After the U.S. jobs data which saw the largest gain in jobs since last December and the unemployment rate fall to 5.0 percent, it lowest since April 2008, interest rates futures were now pricing in a 70 percent probability that the U.S. central bank will raise borrowing costs next month.

Treasury yields continued to creep higher in Europe having soared on Friday. The key 2-year yield, the most sensitive to a near-term rate hike, was at a 5-1/2-year high. [US/]

Europe's benchmark German Bund yields were being dragged higher too, while Portuguese government bond yields hit a 10-week high after leftist parties agreed to form an alternative government to try to oust the center-right in a vote this week.

There was also uncertainty in neighboring Spain, where Catalan separatists are expected to approve on Monday in the regional parliament a motion saying the process to split the northeastern region from Spain has started.

Among commodities, the strength of the dollar remained the theme.
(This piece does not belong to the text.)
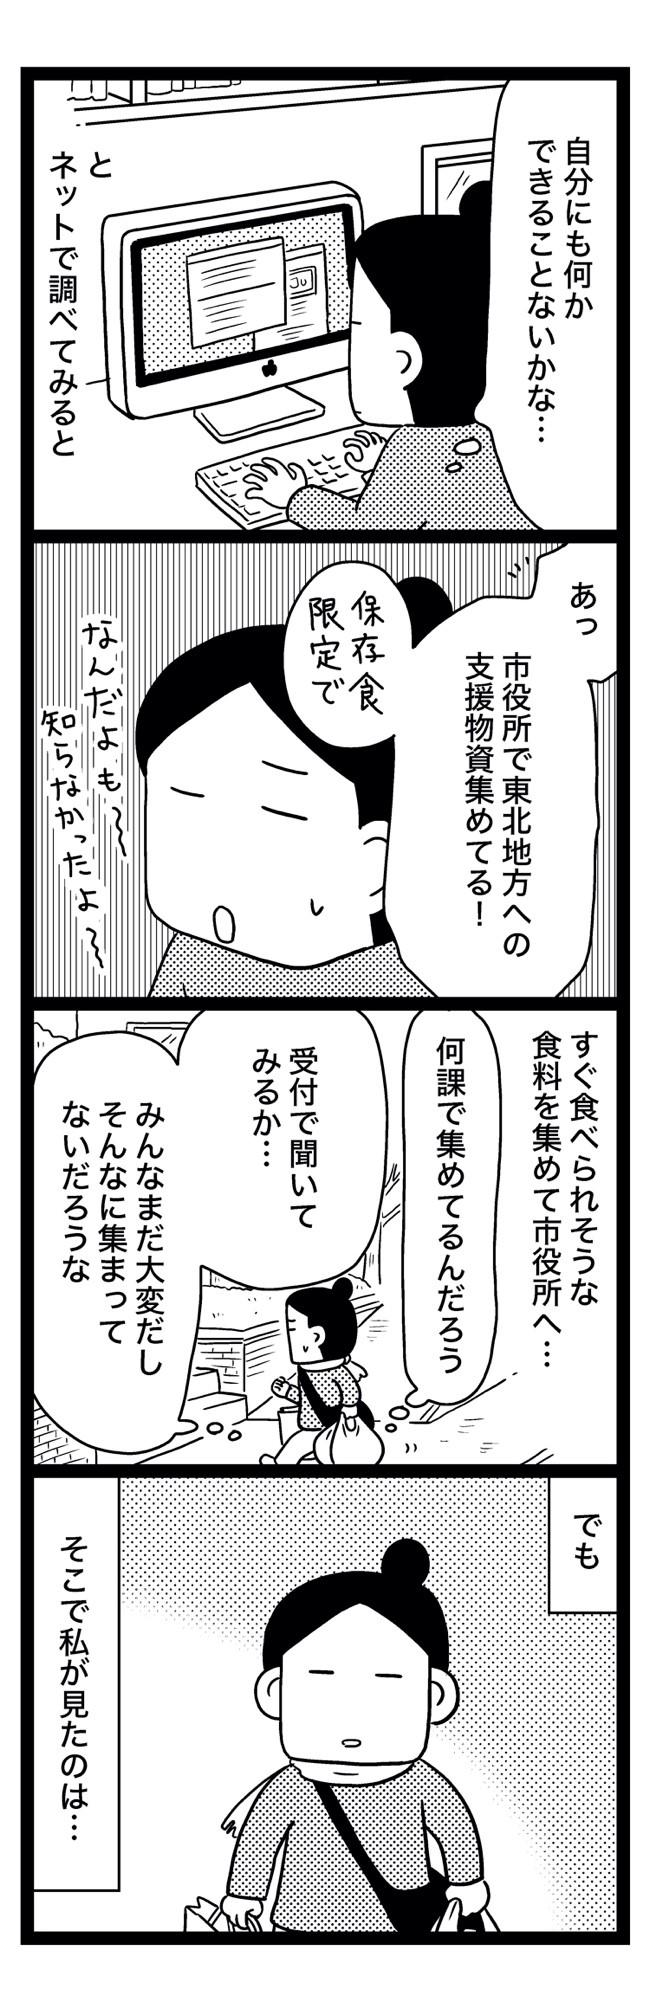 sinsai8-5

London copper slipped further below the $5,000 mark towards a six-year low, after the China trade data underlined struggling growth in the world's top metals user.



Spot gold struggled near a 3-month low of $1,084.90 an ounce though oil prices rebounded on bargain hunting as OPEC said it expected global demand to remain strong next year.

Brent crude  had bounced 0.8 percent to $47.81 a barrel by 0945 GMT while U.S crude was up 0.5 percent at $44.55 a barrel.